An additional advantage of the MSF is that there is no need to simulate the vendor-specific LLCC, which can be proprietary and not public, such as the Intel FSB signals. The MSF does not need to know the details of those vendor-specific internals because the FLI module provides the MPI Bridge with the same memory access (or network device access for the distributed version) that the LLCC provides.

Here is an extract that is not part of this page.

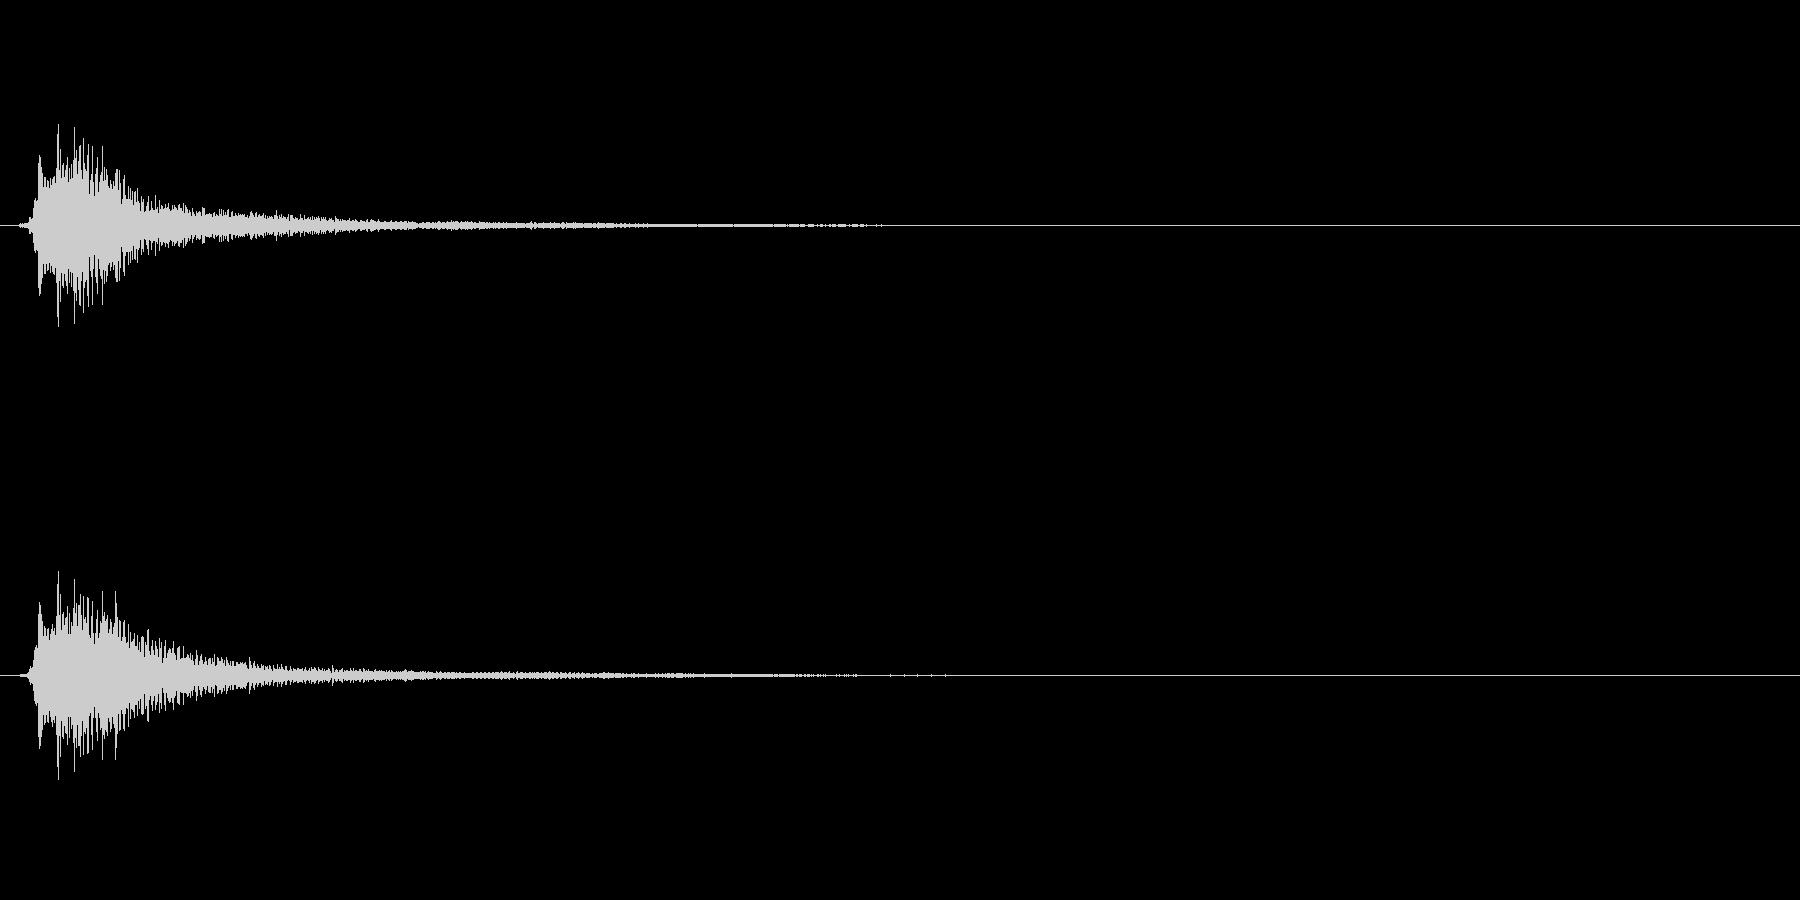 キラキラ系_018の未再生の波形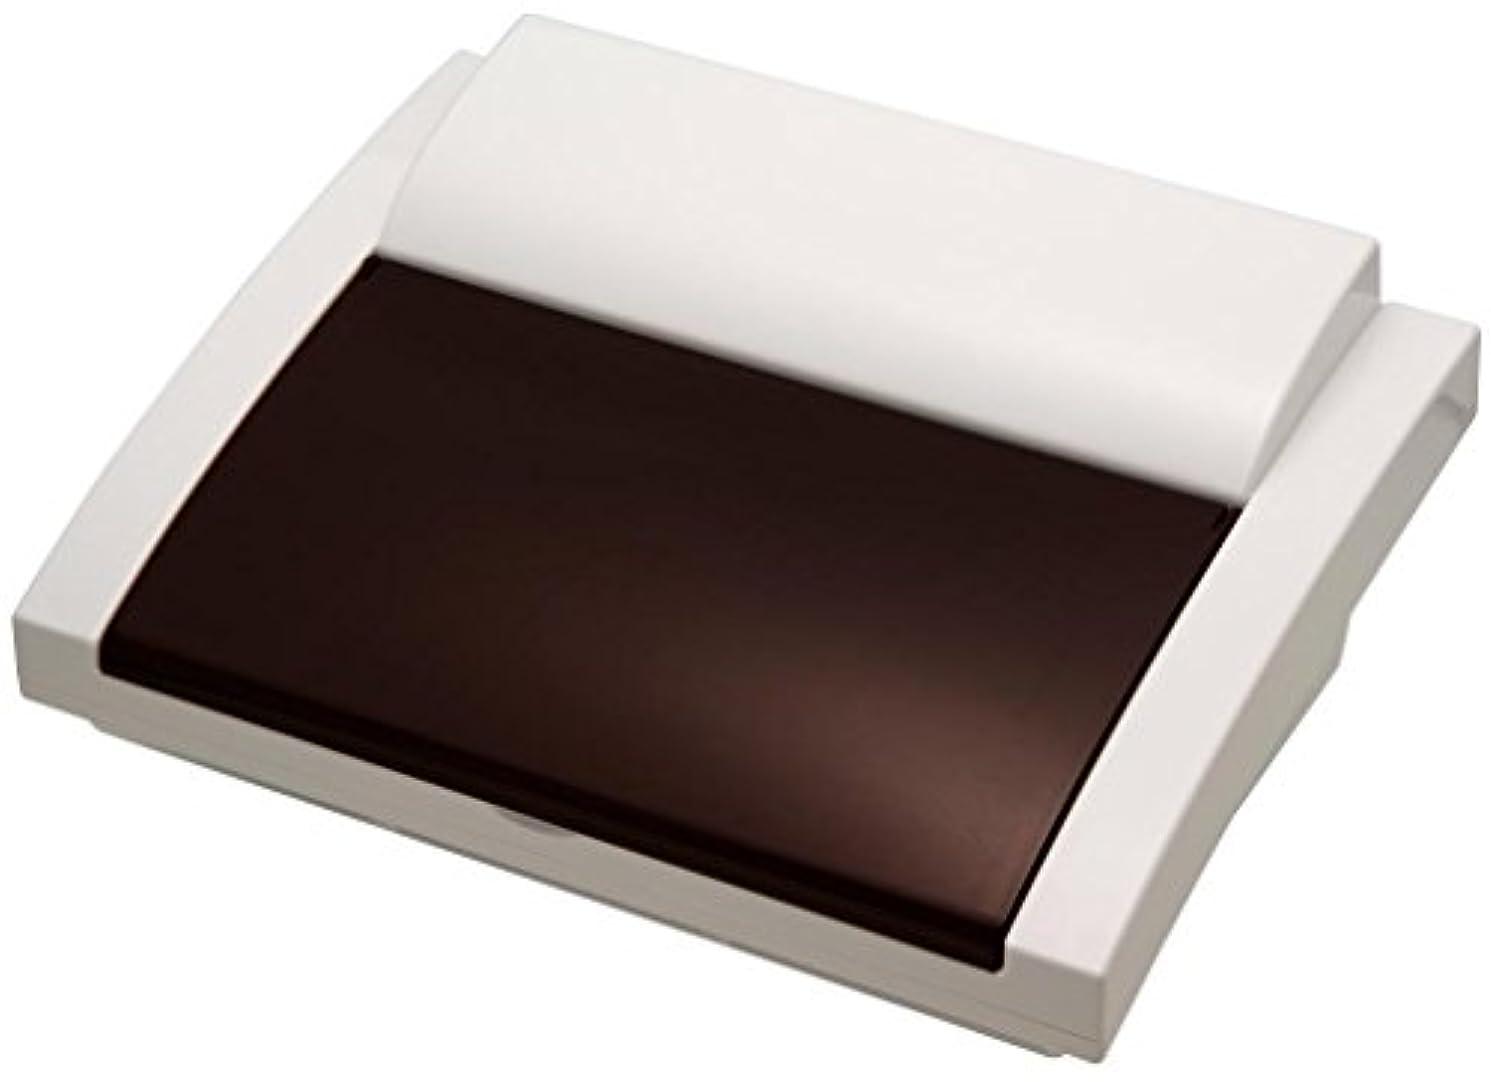 啓発する組立残高ステアライザー(ステリライザー)STERILIZER COMPACT 209C / 紫外線 UV 消毒器 殺菌器

During the simulation the user has full visibility inside the FPGA at the resolution available in Modelsim, which is useful when tracking bugs in the design, such as glitches, signal delays or any other sub-cycle events with the caveat of reduced simulation speed. Other co-simulation environments can be faster but limit the design's visibility to its outputs treating it as a black box, and use just cycleaccurate simulations. Also, in the MSF the user has full control of the simulation by using Modelsim's console or GUI to stop it, pause it and continue it. Even breakpoints can be asserted to stop executing a particular hardware MPI rank and the software MPI ranks can continue executing because they are completely decoupled due to the implicit asynchronous nature of the message-passing programming model. Only those MPI ranks that are exchanging messages with a stopped rank will be automatically blocked if using MPI blocking calls or if there is a collective operation, such as a MPI Barrier, MPI Bcast, etc. However, if non-blocking communications are used, then the ranks can overlap computation and communication.
Case Example: LINPACK
This section presents a brief description of our LIN-PACK benchmark implementation and some insights of the hardware engine and its communication interface. This paper focuses on the co-simulation environment and not the performance of the LINPACK benchmark.
LINPACK Implementation
The LINPACK Benchmark [8] is a widely used algorithm that measures floating-point computing performance by solving a system of linear equations, Ax=b. It has two main subroutines: DGEFA (performs an LU decomposition on the matrix A) and DGESL (solves the system of linear equations by using vector b). More than 97% of the time taken to compute the benchmark is spent inside the DGEFA subroutine. DGEFA comprises three BLAS [2] level 1 functions, IDAMAX, DSCAL and DAXPY, where the latter, alone, is responsible for about 95% of the time spent in the DGEFA subroutine. The original benchmark uses double precision, but for simplicity we use single precision, which is acceptable for the purposes of this paper.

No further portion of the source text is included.